= Krenar Gashi =

Krenar Gashi (born 1982) is a Kosovar Albanian political scientist, currently based in Belgium as a Basileus doctoral fellow at the Centre for EU Studies, Ghent University. His research interest include international relations, the European Union and the works of Jean Baudrillard, while his expertise is in the political developments in the Western Balkans.

Gashi studied sociology at the University of Pristina, and obtained an MA in Journalism and Communication. In 2013, Gashi obtained an MA (with distinction) in European Politics from the University of Sussex, and was awarded the Jean Monnet Prize by the Sussex European Institute.

Gashi started his career as a reporter, having worked for key Kosovo print and broadcast media. He reported for the Financial Times and was the Kosovo Editor of the Balkan Investigative Reporting Network, where he edited Balkan Insight and established Kosovo's only English-language newspaper, Prishtina Insight.
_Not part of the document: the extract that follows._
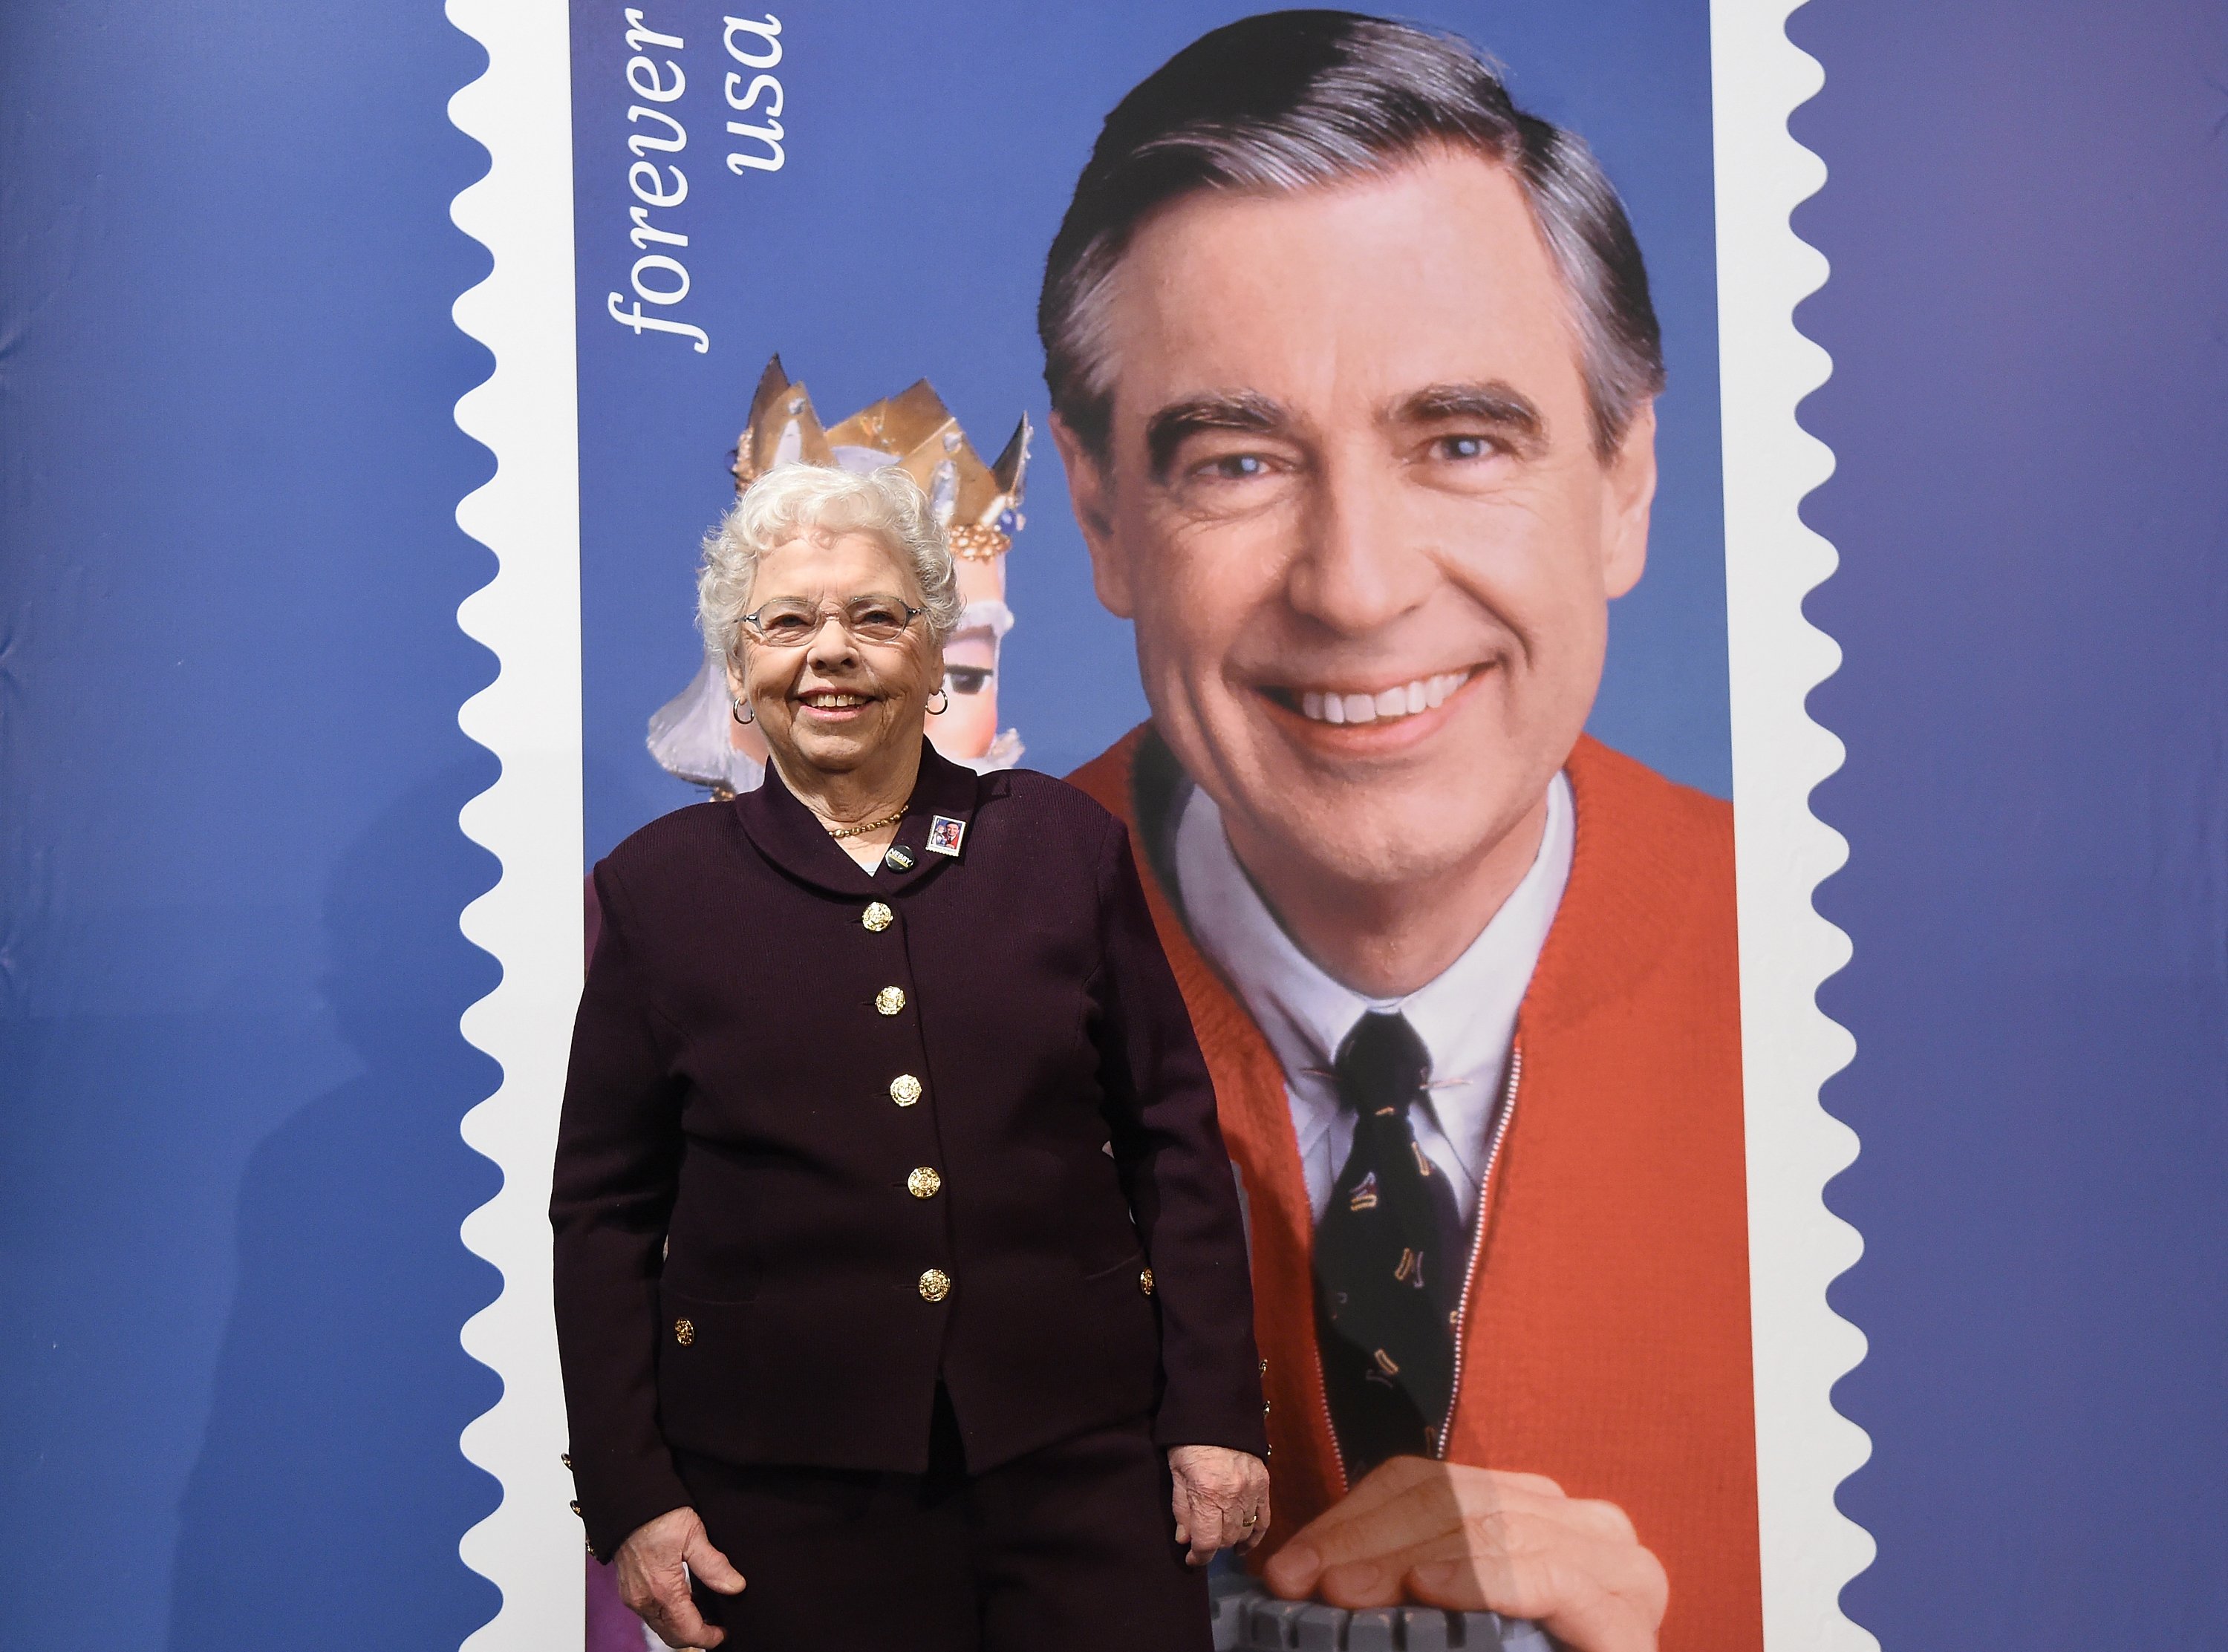 Joanne Rogers attends the event for Misters Rogers Forever Stamp in Pittsburgh, Pennsylvania on March 23, 2018 | Photo: Getty Images

In 2009, Gashi joined KIPRED institute, Kosovo's first think tank, initially as a research director and later executive director. In 2011 he established the Institute for Development Policy (INDEP) a think tank that focuses on democratisation and sustainable development. Under Gashi's leadership INDEP became the most influential think tank in Kosovo, working closely with the Assembly of Kosovo and its parliamentary committees.
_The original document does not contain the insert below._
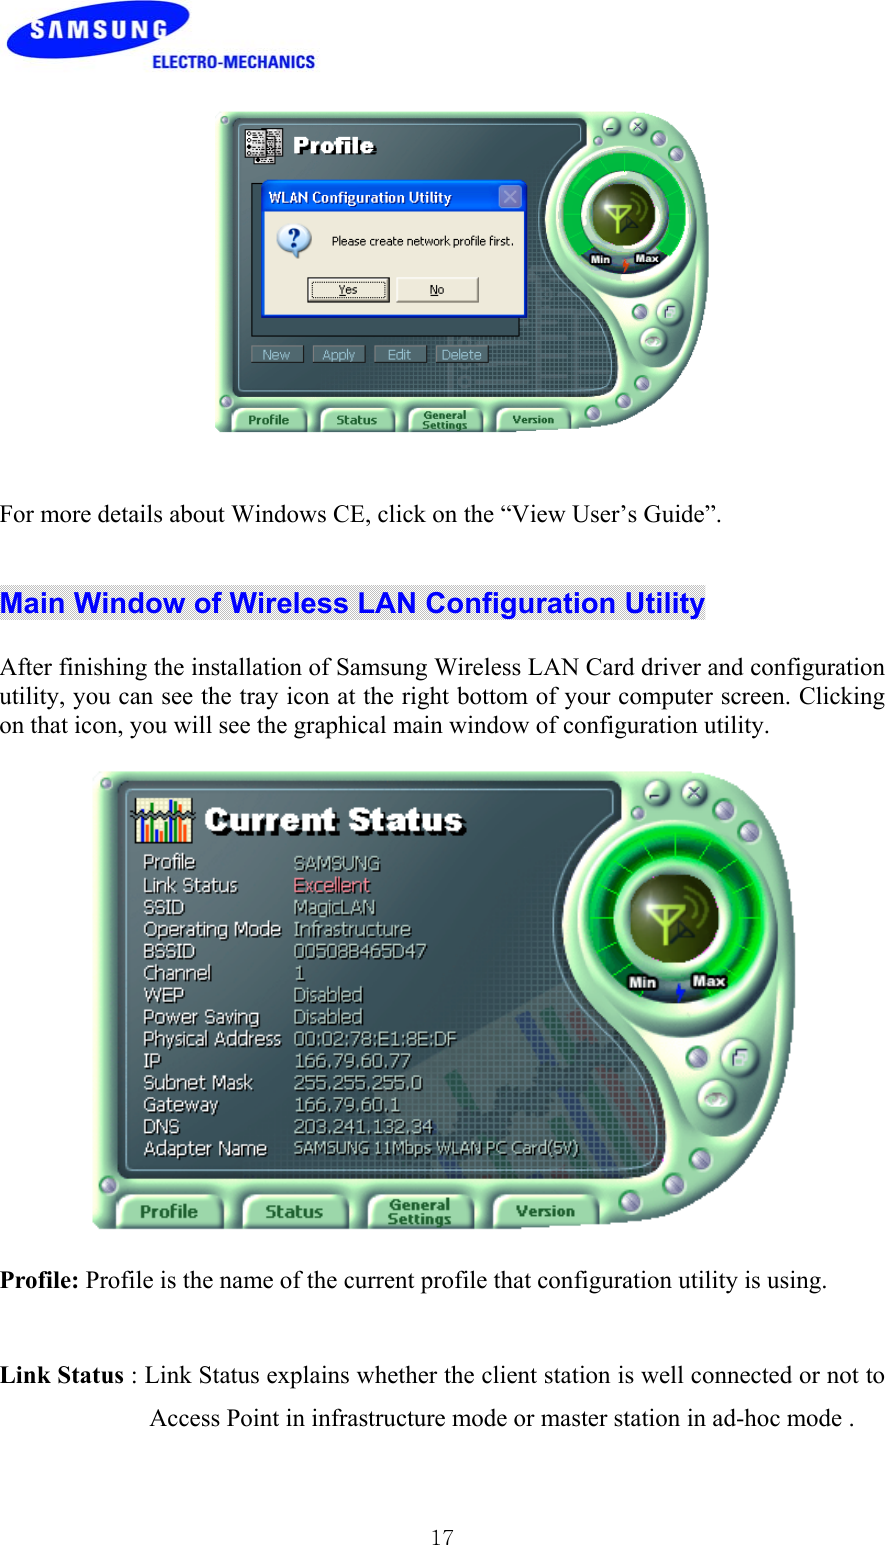 17For more details about Windows CE, click on the “View User’s Guide”.Main Window of Wireless LAN Configuration UtilityAfter finishing the installation of Samsung Wireless LAN Card driver and configurationutility, you can see the tray icon at the right bottom of your computer screen. Clickingon that icon, you will see the graphical main window of configuration utility.Profile: Profile is the name of the current profile that configuration utility is using.Link Status : Link Status explains whether the client station is well connected or not toAccess Point in infrastructure mode or master station in ad-hoc mode .

His publications include papers on democratization, election reform, development policy and European integration. He wrote Kosovo sections of Bertelsmann Foundation's Transformation Index and Freedom House's Nation in Transit report, which is one of the most eminent publication assessing the democratization process in the world.
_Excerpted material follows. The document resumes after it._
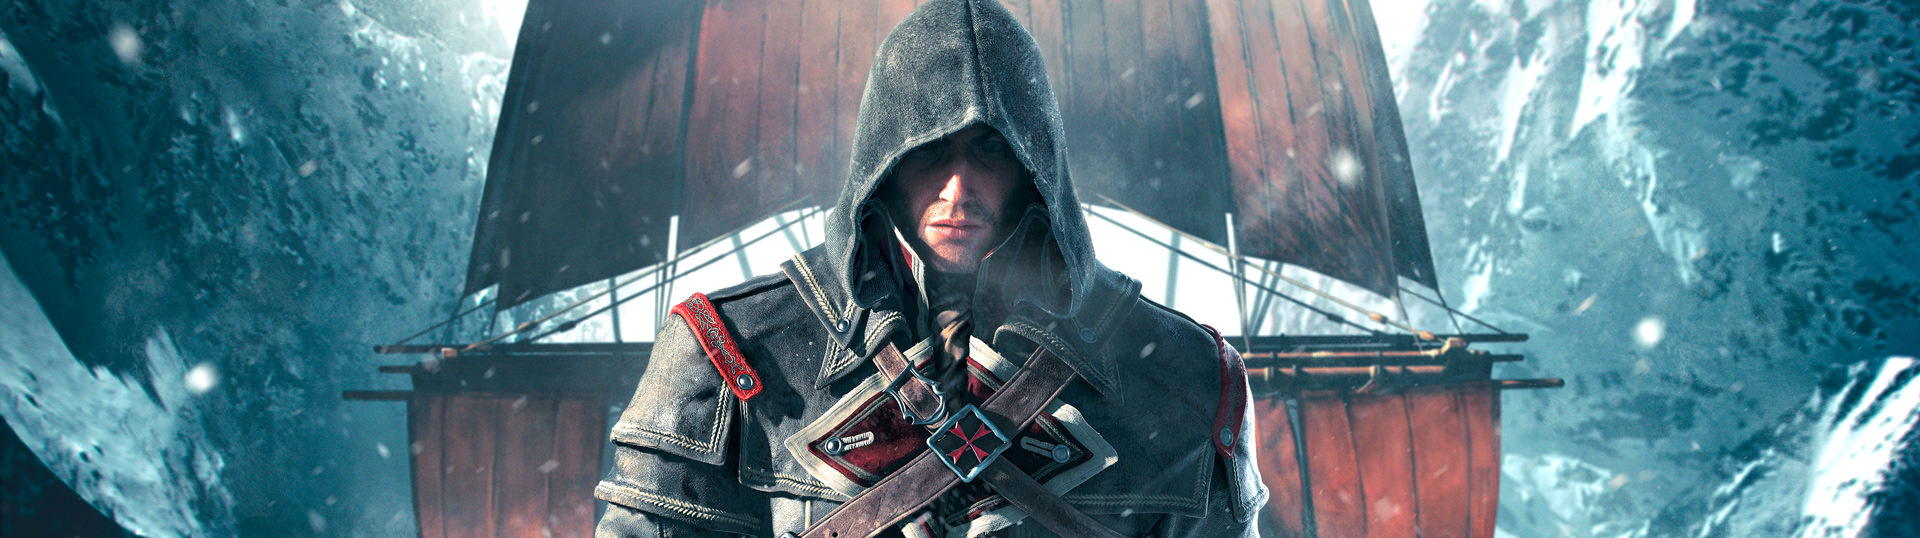 Assassin's Creed Rogue PC Release Date Announced

He appears frequently in national and international media and engages in public debates on politics of Kosovo, the Western Balkans and the European Union.

== Awards ==

- Best Written Story in Kosovo 2007, awarded by the Association of Professional Journalists of Kosovo
Chevening Scholarship 2012/13, awarded by the United Kingdom's Foreign and Commonwealth Office
The Jean Monnet Prize 2013, awarded by the Sussex European Institute
Basileus V Erasmus Mundus Scholarship, awarded by the European Commission

== Recent Publications ==
- Gashi, K. (2014) Nations in Transit: Kosovo. New York: Freedom House.
- Gashi, K. (2013) The 2013 Agreement between Kosovo and Serbia: A success story or a missed opportunity, in Felberbauer, E. and Jurekovic, P. (eds.) Regional Co-operation and Reconciliation in the Aftermath of the ICTY verdicts: Continuation or Stalemate? Vienna: Austrian Federal Ministry of Defence and Sports.
- Gashi, K. (2013) Nations in Transit Kosovo 2013, in Habdank–Kołaczkowska, S. (ed) Nations in Transit 2013. New York: Freedom House.
- Gashi, K. and Shahini, B. (2012) EU in Kosovo, Kosovo in the EU, in Swoboda, H., Stetter, E. and Wierma J.M. (eds) EU Enlargement Anno 2012. Brussels: FESP Solidar.
- Gashi K. (2012) Nations in Transit Kosovo 2012, in Walker, C., and Habdank–Kołaczkowska, S. (eds) Nations in Transit 2012, New York: Freedom House.
- Gashi, K. and Qavdarbasha S., (2012) The State of Media in Kosovo. Pristina: INDEP.
- Gashi, K, and Qosaj-Mustafa, A. (2011) Strengthening the Rule of Law in Kosovo: The Fight AgainstCorruption and Organised Crime. Pristina: KIPRED.
- Gashi, K. (2010) The Fragile Triangle: Coordination of Judges, *Prosecutors and Police duringCriminal Proceedings in Kosovo. Pristina: KIPRED.
- Gashi, K. (2009) Circulation and Politicisation of the Print Media in Kosovo. Pristina: OSCE.